▶ [The problem]
From the listing below, reproduce exactly the lines starting with the one with "Carole - Caprice Soft White Ballerina" and going on through the one with "Short Saia Jeans Menina - Mania Kids", both ends kept. No picture is copied.

▶ [Materials provided]
____________________
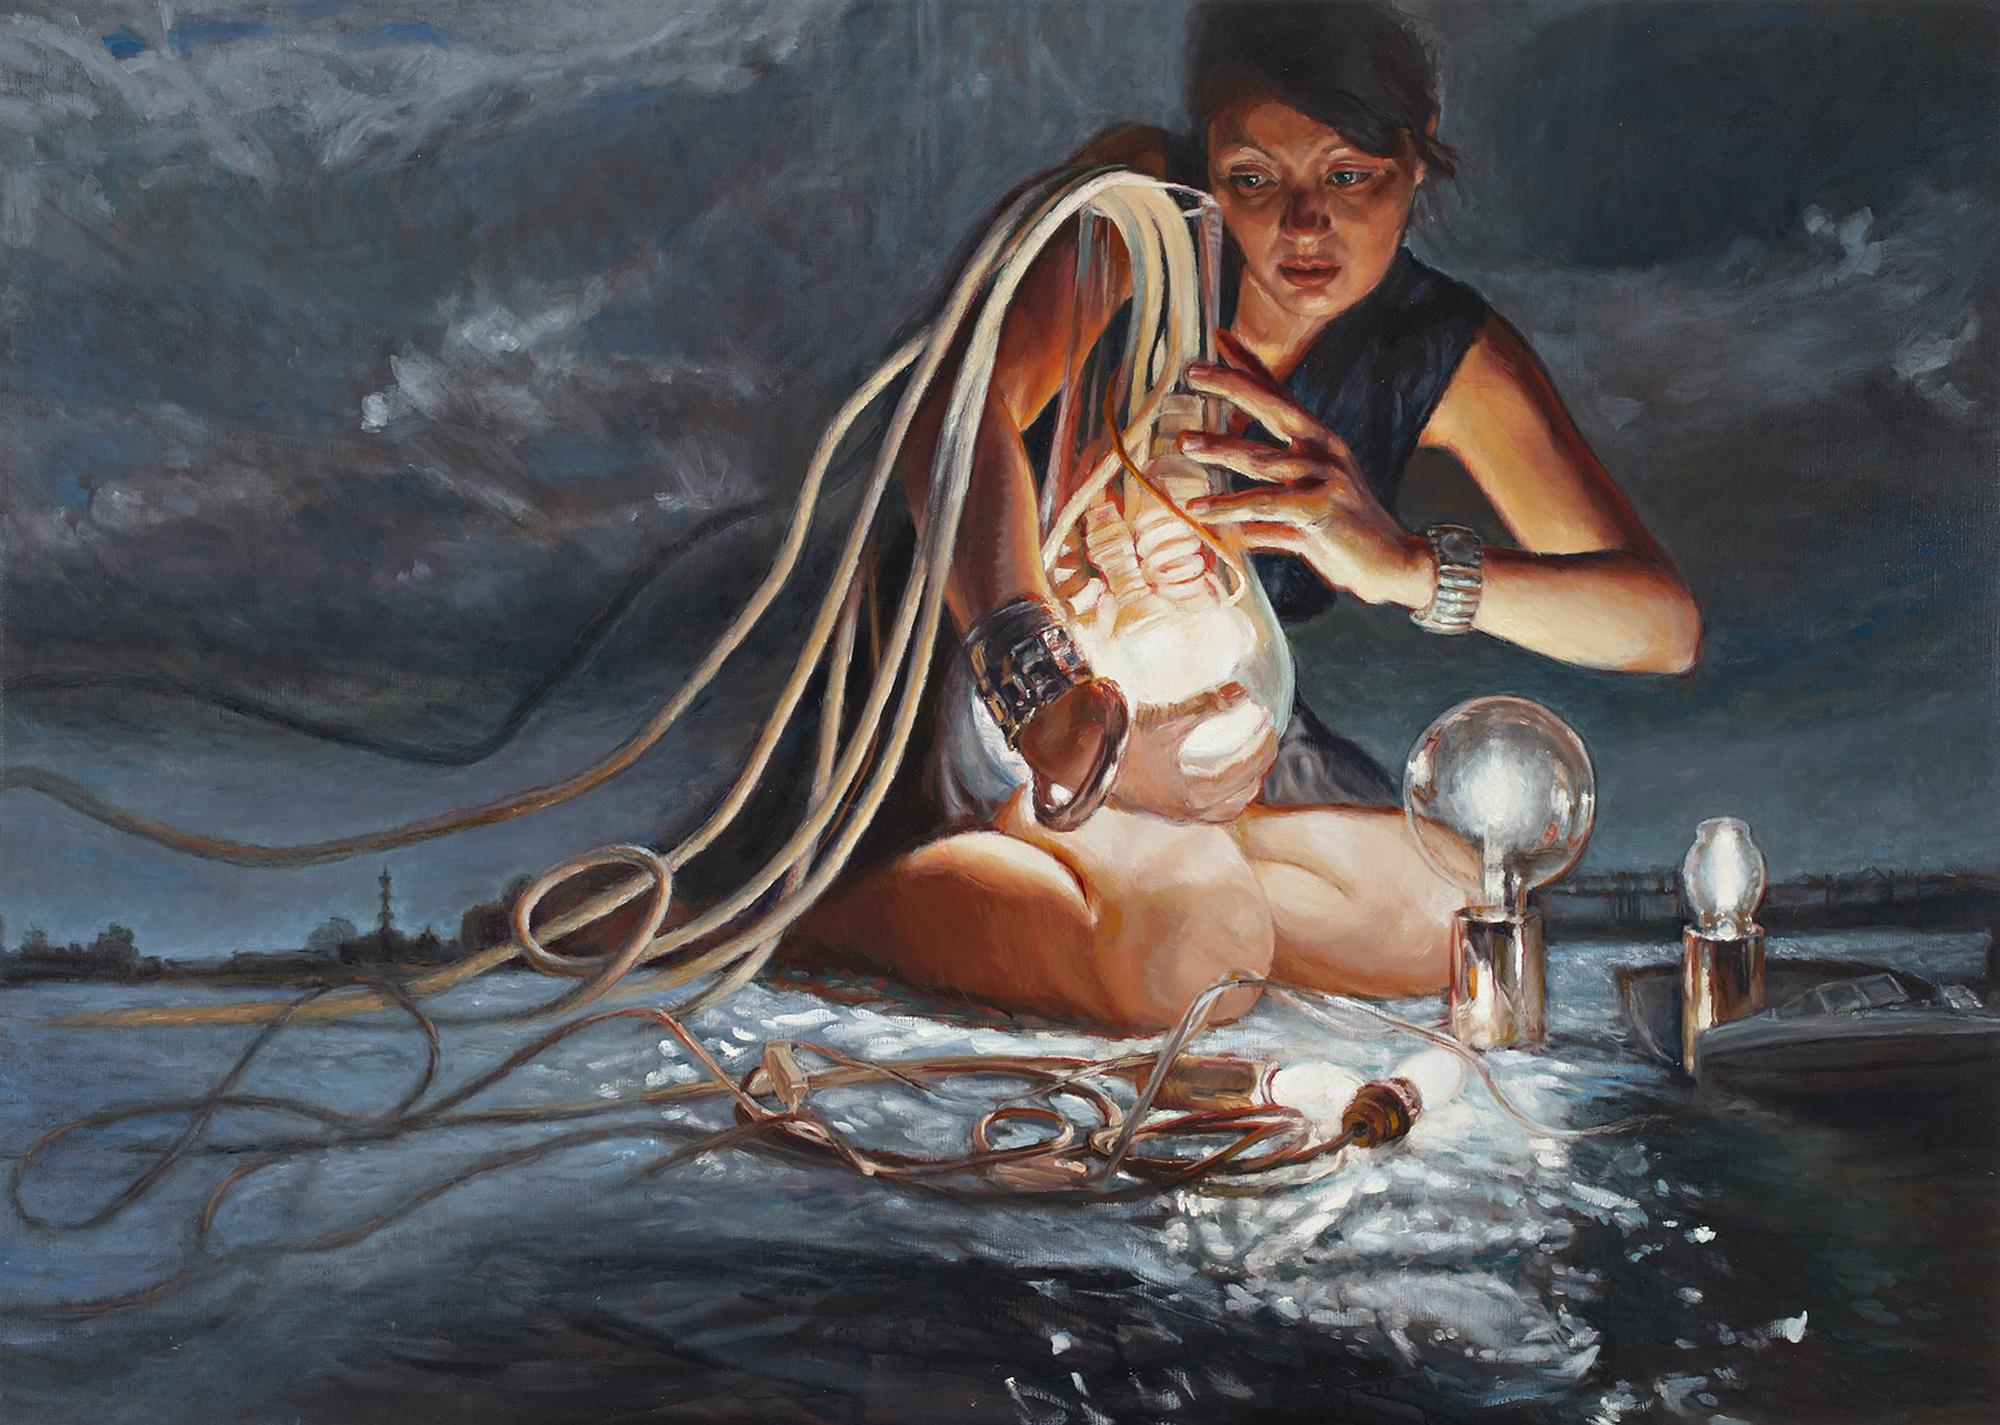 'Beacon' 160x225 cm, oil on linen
____________________
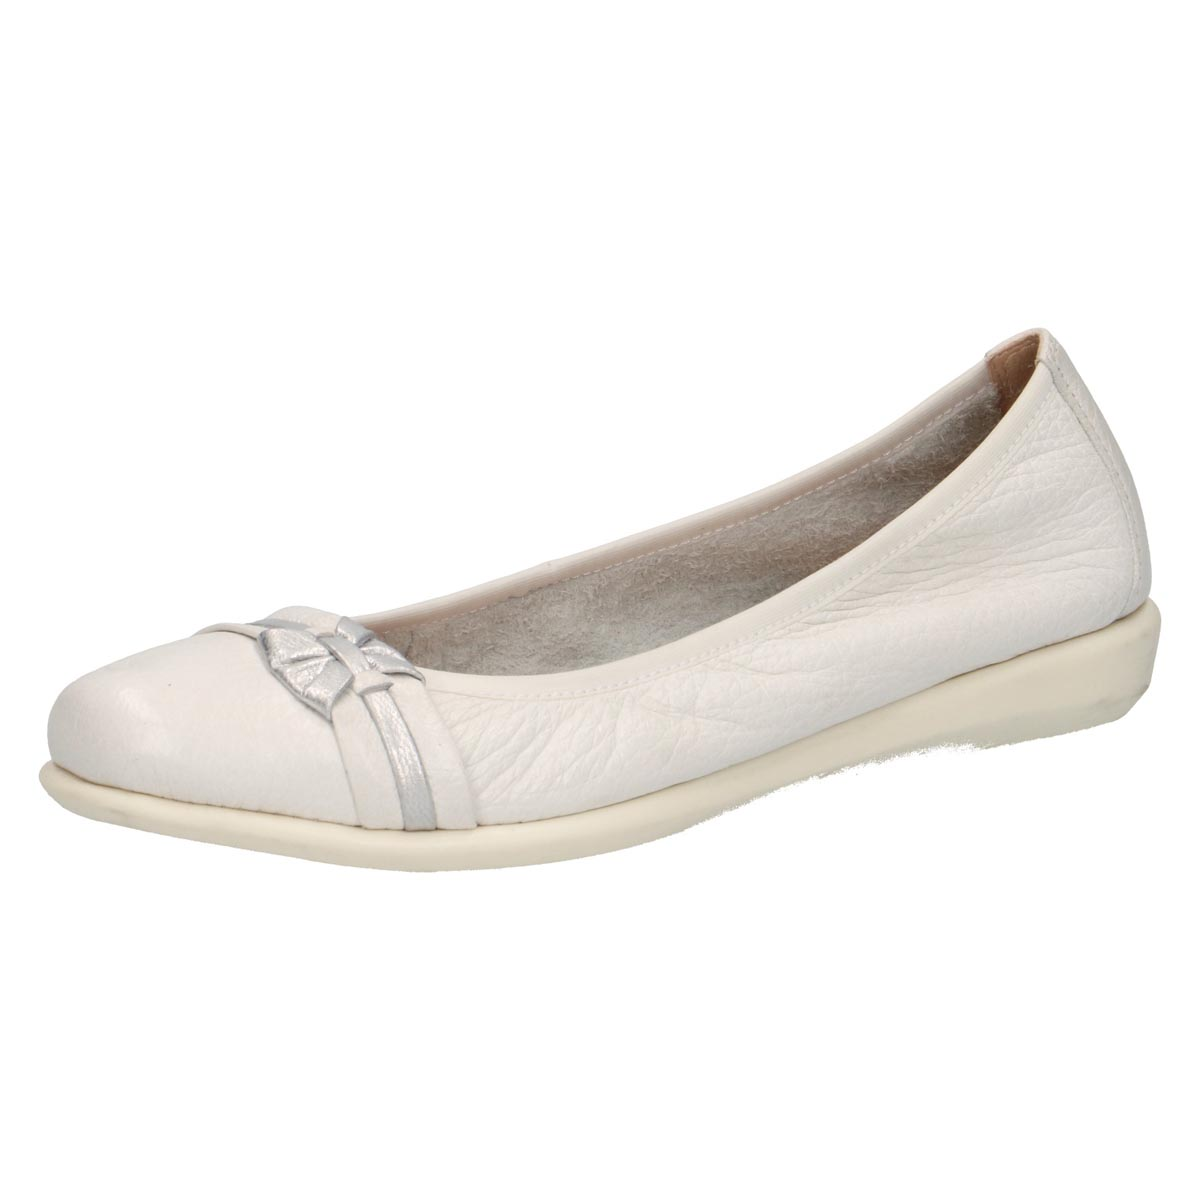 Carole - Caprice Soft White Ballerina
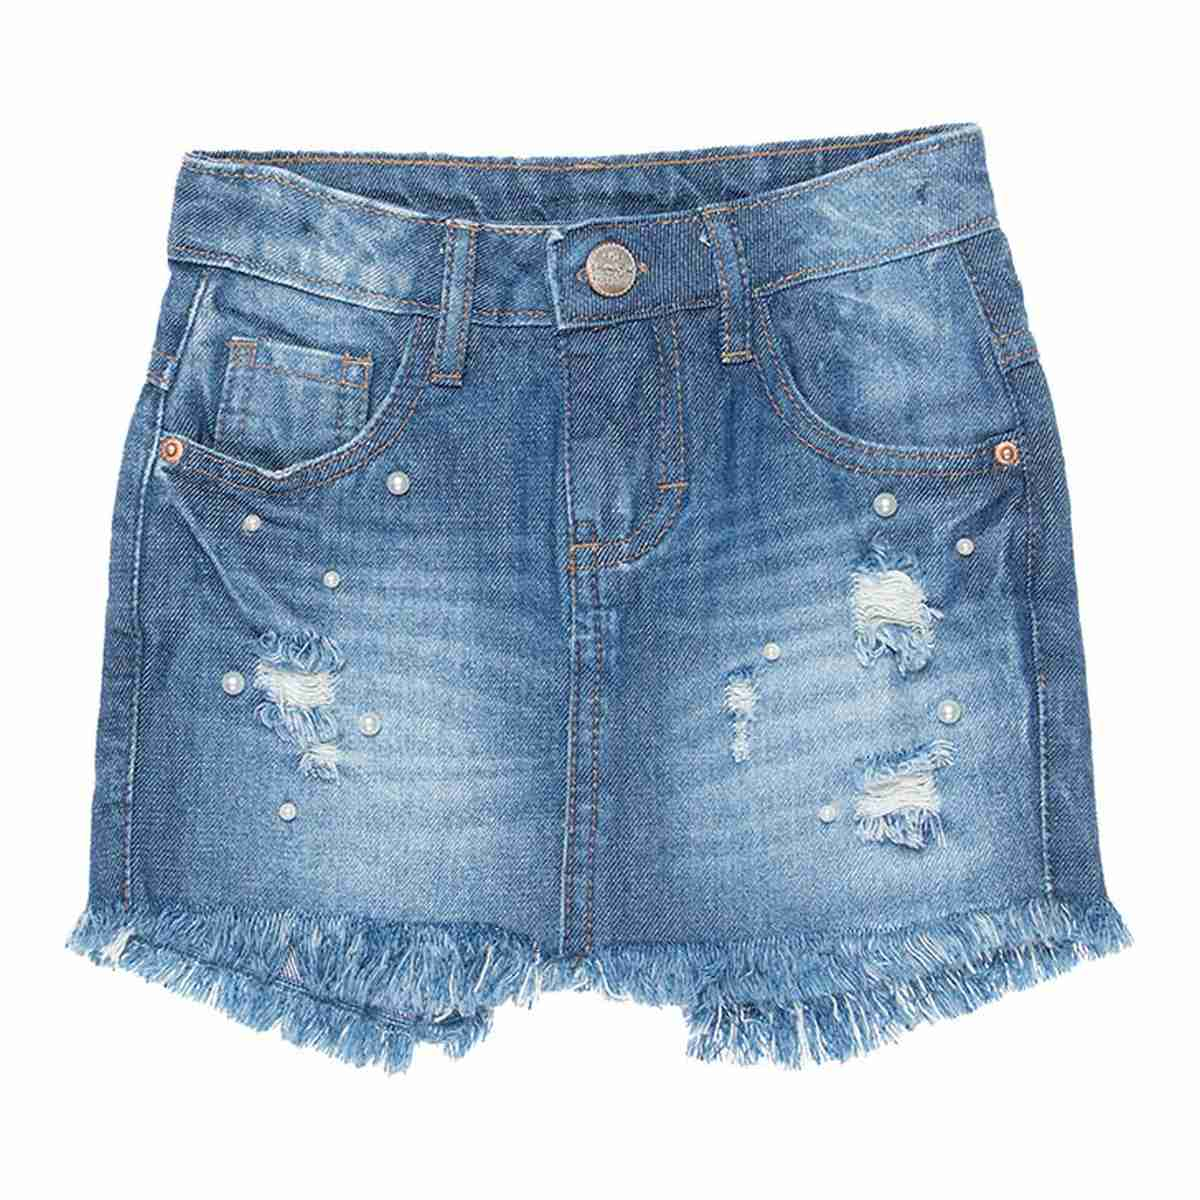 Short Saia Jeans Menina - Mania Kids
____________________
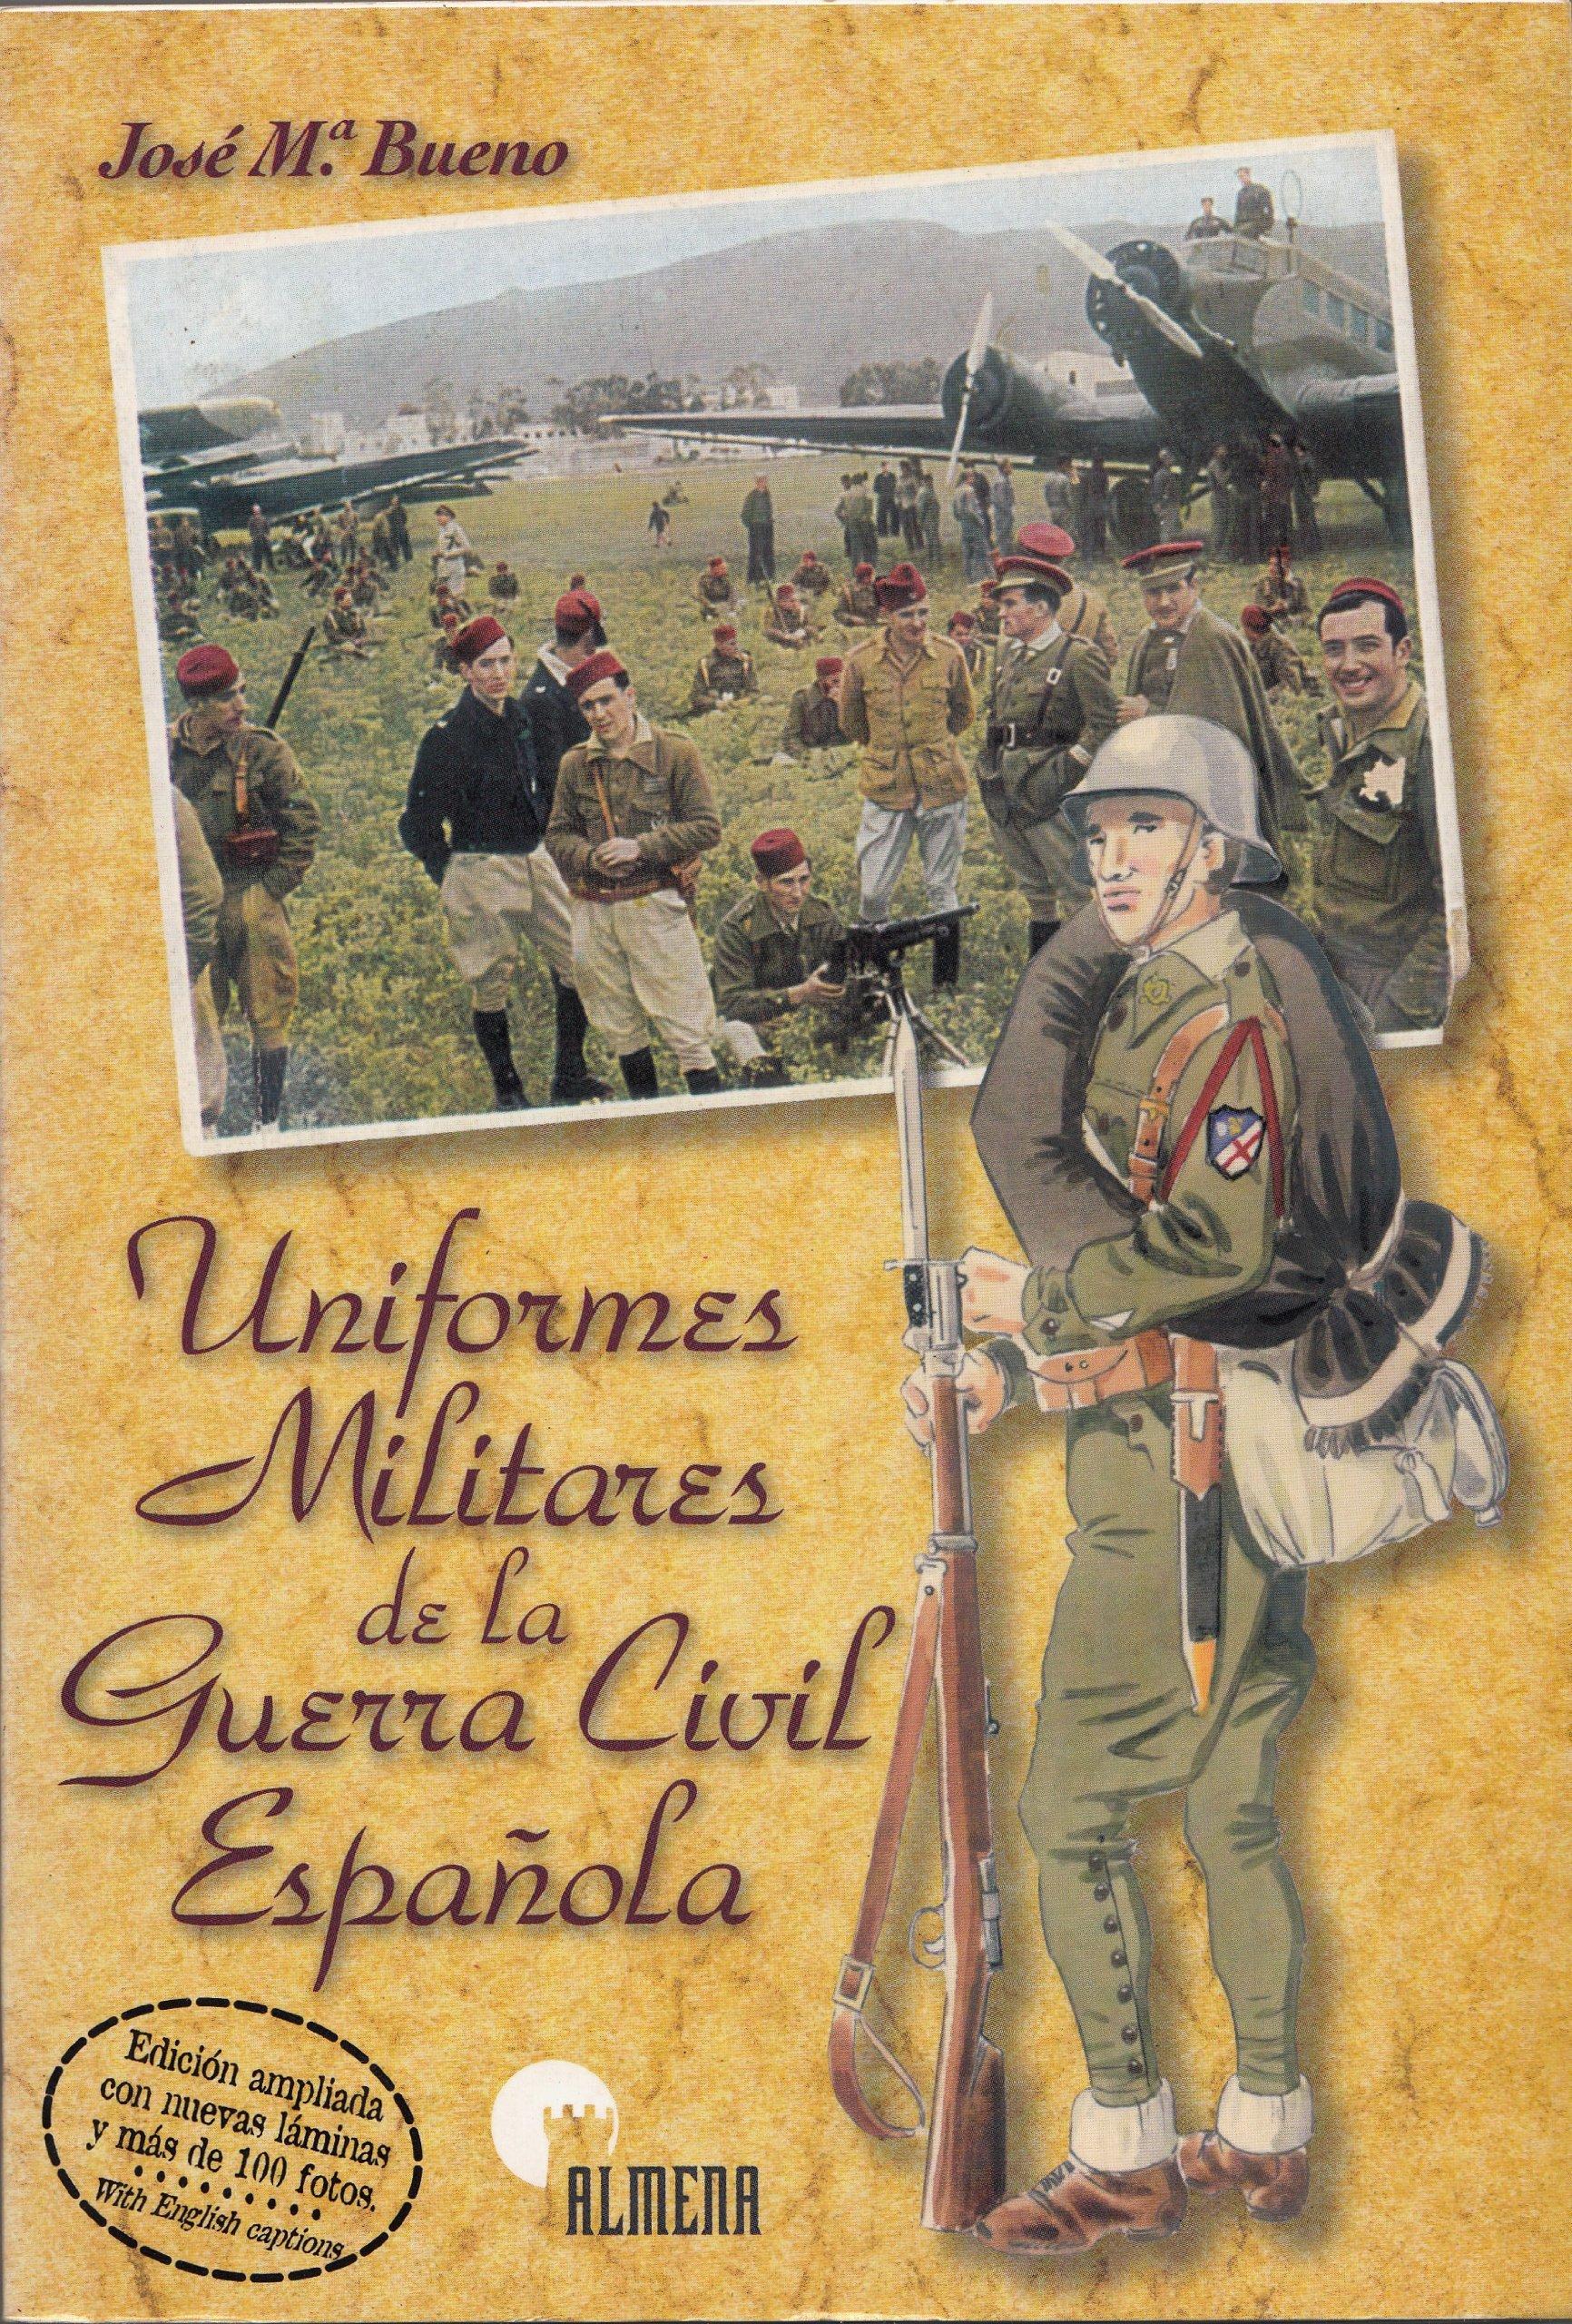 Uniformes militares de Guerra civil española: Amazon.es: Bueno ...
____________________
▶ [Response box]
 Carole - Caprice Soft White Ballerina
 Short Saia Jeans Menina - Mania Kids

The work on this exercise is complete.